I’d seen Helen Macdonald give a reading at one of the festivals that had gone online in 2020 or ’21, from the title essay of this book, and I decided to buy it with my birthday money. Vesper Flights is one of the longer pieces in the book and contains some enchanting imagery related to swifts and their flight. Many of the essays feature birds, as you might expect from someone who is known for a book called H is for Hawk, but there are also fungi, deer, a wild boar and a fair few people.
I started reading it a couple of days before Christmas, thinking it would be just the thing for the six or seven hours’ return train journey to see OneMonkey’s dad. It’s a little less than three-quarters of an inch thick, about 260 pages, but what with my slowed-down reading speed and pauses to look out at the scenery of North Yorkshire and County Durham or ponder what I’d read, I only got halfway through. The other half then took me another three weeks, an essay or short musing slipped in between work and tea or washing up and bed.
The book is one that might be referred to as not really a nature book, in Richard Smyth’s 2017 essay on the limitations of nature writing. All the pieces except one (The Student’s Tale) contain ‘nature’ if you like – observations on a species or habitat, information about a study carried out in the distant past, an account of a trip to a nature reserve – but few of them are solely about the species or habitat in question, though the paperback says ‘nature writing’ on the back cover next to the price. Many of the pieces put me in mind of the kind of article I might read in the weekend edition of a newspaper, not because the topic particularly interested me but because I was idly browsing and the first paragraph caught my attention. Indeed, I believe a lot of them were written for The New York Times Magazine and New Statesman, i.e. for a general readership.
This is a book then for the curious non-specialist. Someone with a passing interest in nature, perhaps, eager to read descriptions of it by someone more deeply immersed – a casual dipper, willing to be drawn in. Or someone like me who shies away from Latin names and technical terms (despite being a trained scientist who has studied Latin) but is keen to learn more about the wondrous things they see while out walking, or watching from an upstairs window while working from home. And Macdonald does talk of wondrous things, and of the need for both science and a dash of magic, of awe.
In my experience if you go out hoping for revelation you will merely get rained upon.
Helen Macdonald, The Numinous Ordinary in Vesper Flights
One of the aspects I enjoyed was the accessibility of most of the experiences in Vesper Flights. Sometimes it feels as though nature writing is all about wealthy chaps communing in the wilderness (see Richard Smyth’s other delightful essay, The State of Nature). Although there is a trip to South America and to the Empire State Building in Vesper Flights, for the most part these are urban and suburban adventures in the UK. Watching peregrine falcons on the other side of a metal fence at a disused power station, or a small flock of migrating birds outside a shopping centre, doesn’t feel like the preserve of a particular strata of society.
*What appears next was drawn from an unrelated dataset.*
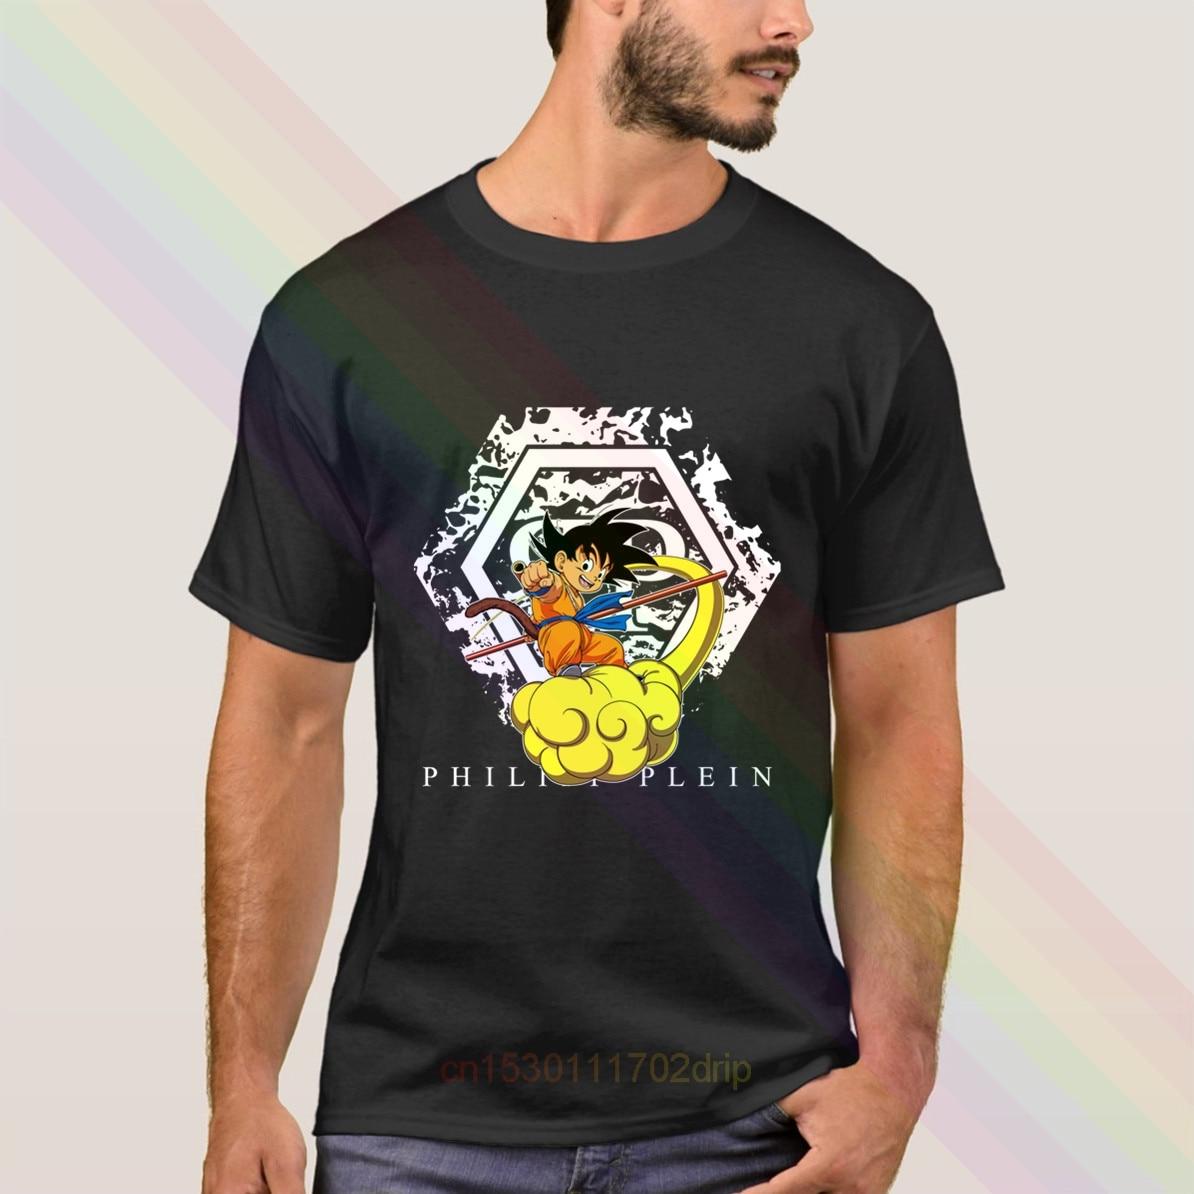 Dragon Ball Goku Kintoun Plein camiseta 2020 más reciente verano hombres de manga corta Popular camisetas Tops Unisex

However, that the author is middle-class and Cambridge educated does come forcibly to the fore in Birds, Tabled which is mainly about caged songbirds kept by ‘the working classes’, and which I found patronising and slightly offensive. It reminded me that authors assume a shared understanding of the world with their readers, and when that isn’t the case the reader can feel excluded at best. It’s also good evidence for why the recent push for working class nature writers isn’t as daft as some people seem to think.
Because this is nature-based writing for a general readership, Macdonald often weaves topics together to make the reader look at the world differently. For instance, migrating birds and migrating people, or the onset of migraines and the onset of climate catastrophe. One theme that recurs is how our cultural context shapes our interpretation of animal behaviour, which was interesting. Current affairs naturally creep in (the dates of each piece for context would have been nice, but I say that about most collections) and you can spot recurring fears and preoccupations like Brexit, the plight of refugees, Donald Trump – if you’re not centre-left some of it will start to irritate you, I imagine. I found The Student’s Tale jarringly out of place: a nicely written piece but I bought this book as ‘nature writing’ and couldn’t understand why an account of an epidemiology student seeking asylum in the UK had been included.
On the whole I enjoyed the book. I learnt some scientific and historical facts, I looked at a few things differently, and on the way I enjoyed some lovely, atmospheric descriptions of animals and places, that were at times quite magical. I haven’t read many books that would be classed as nature writing and purists might dismiss this collection but if it encourages a wider readership to take notice of their surroundings and the effects of their choices as homeowners or consumers then that has to be a good thing.